There’s a famous quote from Jim Carrey about his dad. He knew his dad always wanted to be a comedian or a musician, but he took the safe route and became an accountant. This route suddenly didn’t feel so safe when he was laid off from his accounting job and the family became homeless for a period of time. About this Carrey said, “You can fail at what you don't want, so you might as well take a chance on doing what you love.”
This doesn’t just mean becoming an accountant instead of a comedian. It can also mean being a different type of comedian than the one you initially set out to be. If you don’t want to participate in the online economy, that’s fine. Just know it’s going to make the road to success, even moderate success, extremely difficult. This is where everything is now, and if you’re not there it’s going to hinder your chances. And if you decide to go all out and align yourself with the best practices of the Internet, just know that you’re most likely going to feel terrible doing it, no matter what success comes your way. Your actions will be dictated by a piece of code sitting on a server farm somewhere out in the middle of Silicon Valley.
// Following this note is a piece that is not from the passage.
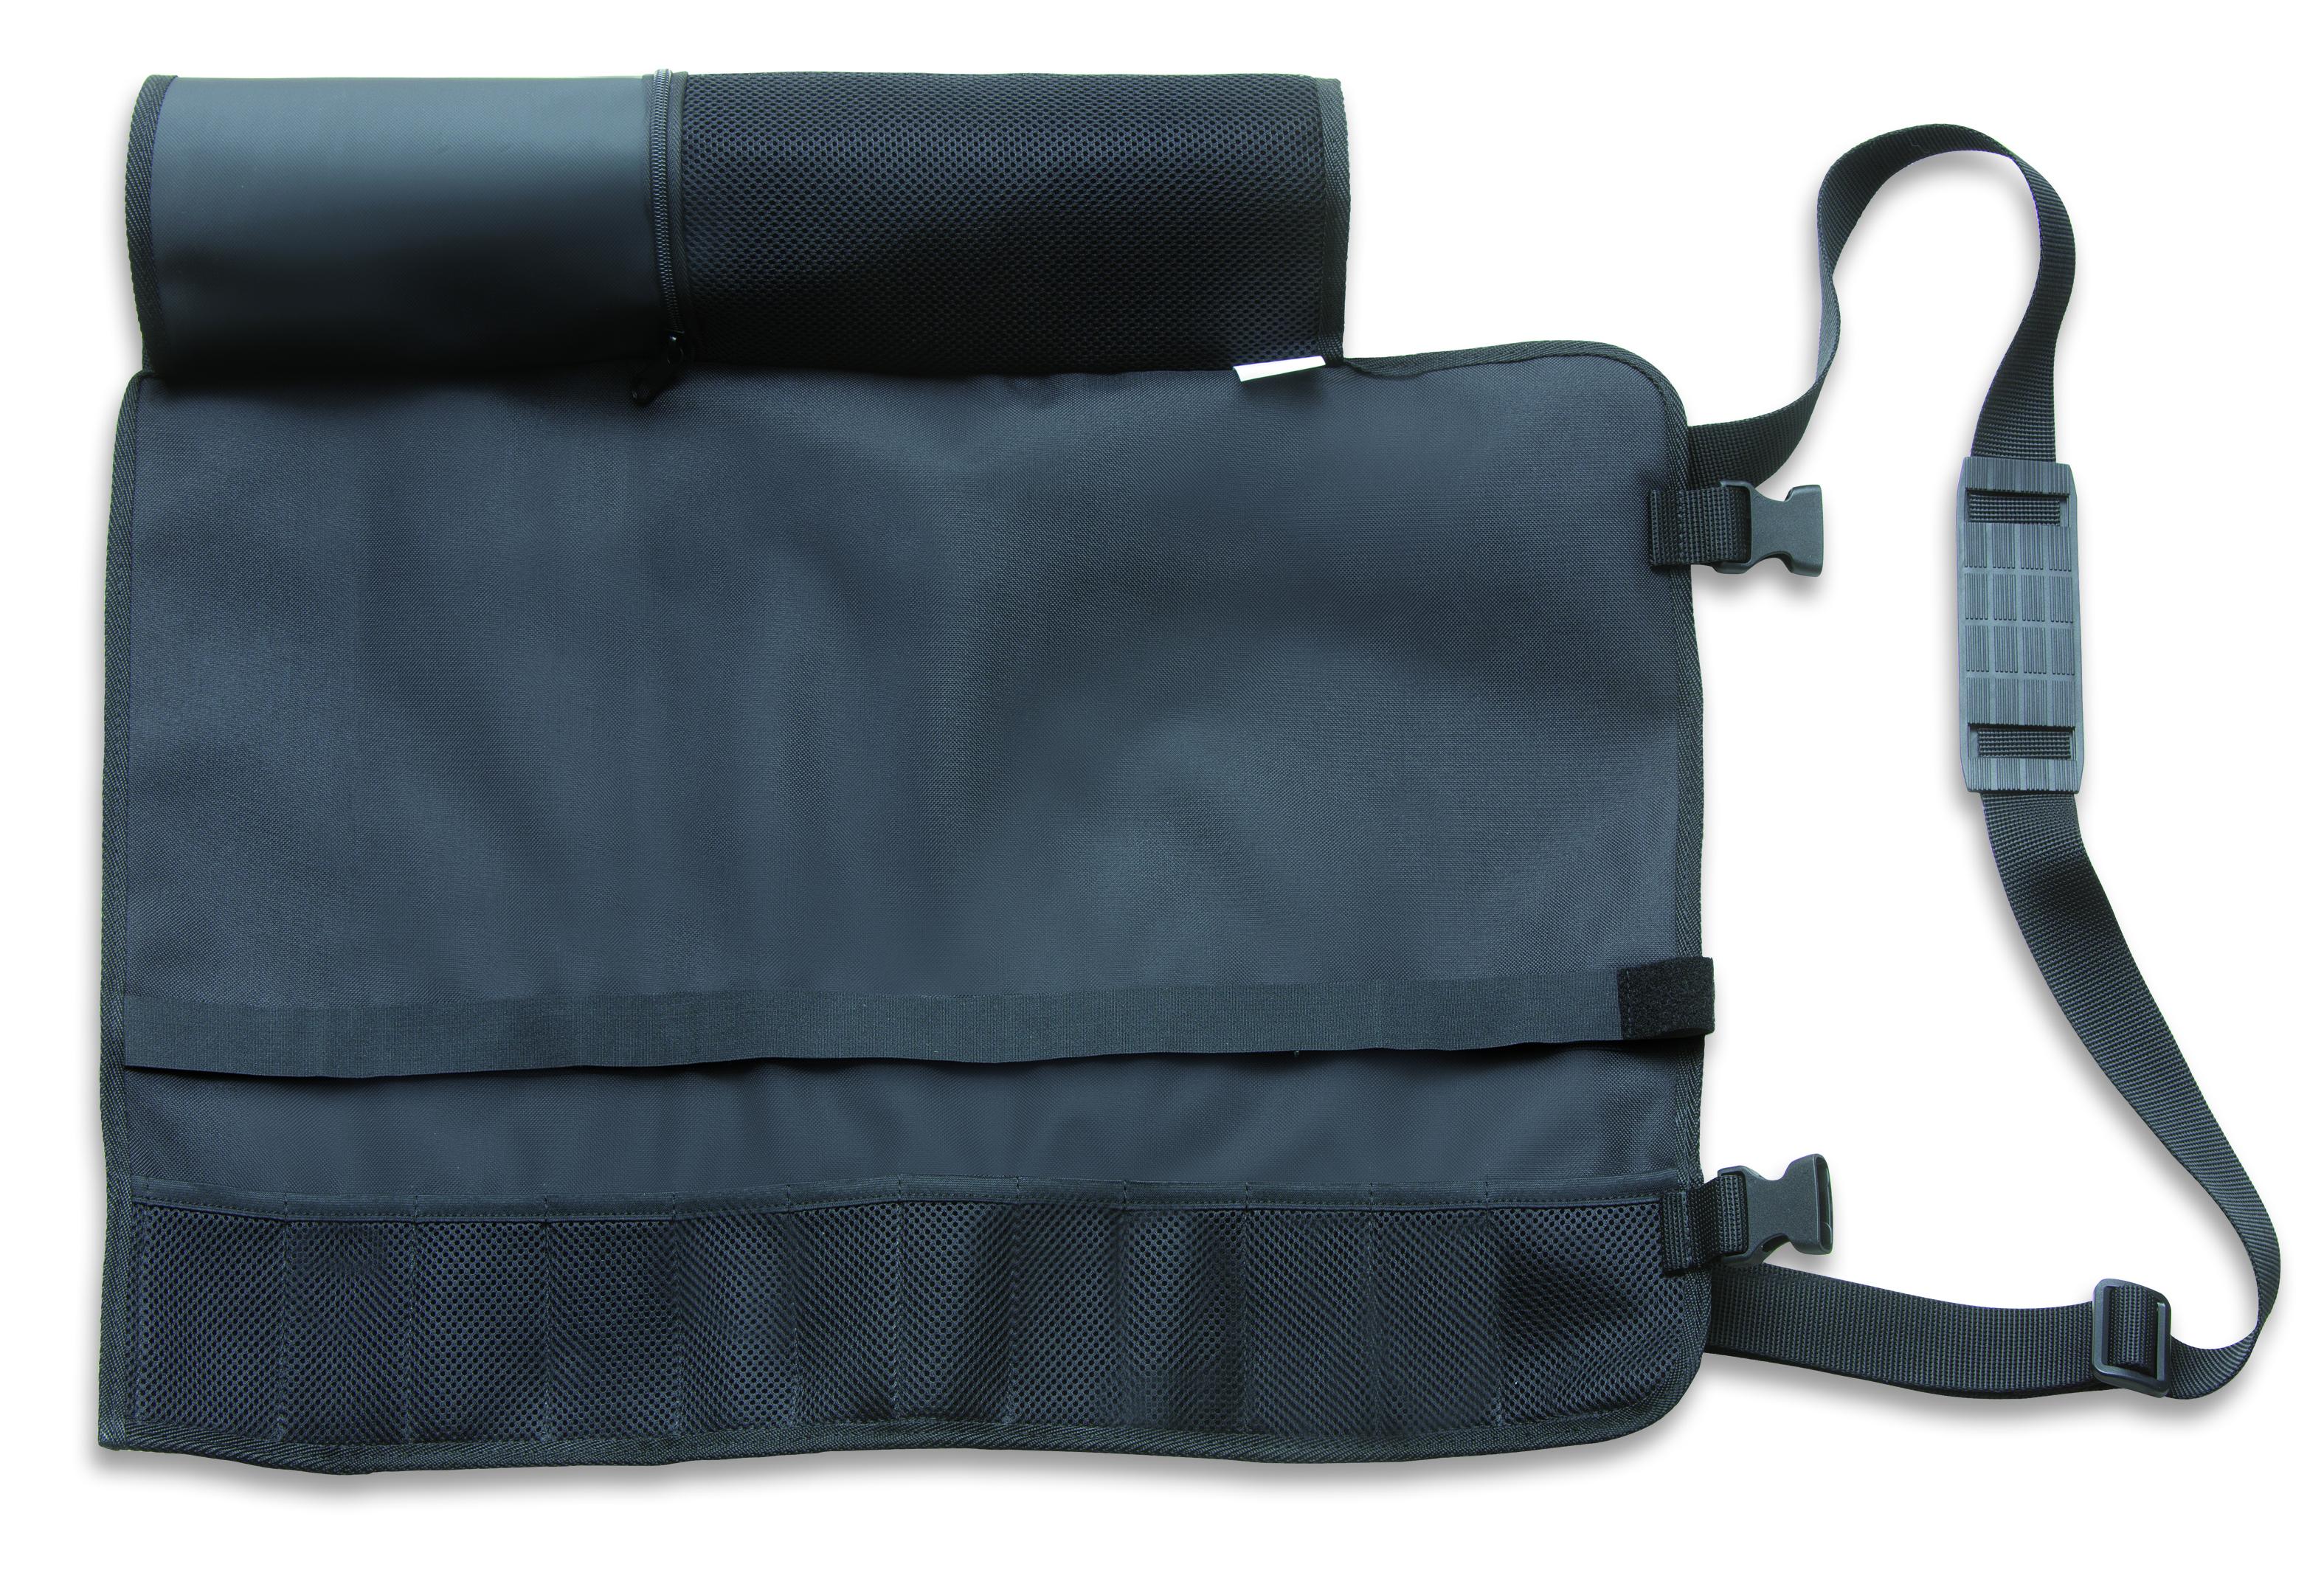 Textil-Rolltasche 12-tlg., waschbar, leer

This is what being a comedian is now. Before, you only had to worry whether your jokes were funny, insightful and original enough. Now, you have to worry about that and whether or not the banner on your YouTube page is eye-catching. My advice for staying halfway sane while posting is to find that middle ground, through trial and error, and really listen to yourself and pay attention to how you feel when you’re doing these things. Back off from the actions that make you feel bad or cheap, even if they’re what everyone else is doing. You’ll probably sacrifice some success for this, but I’m pretty sure that the peace of mind will be worth it.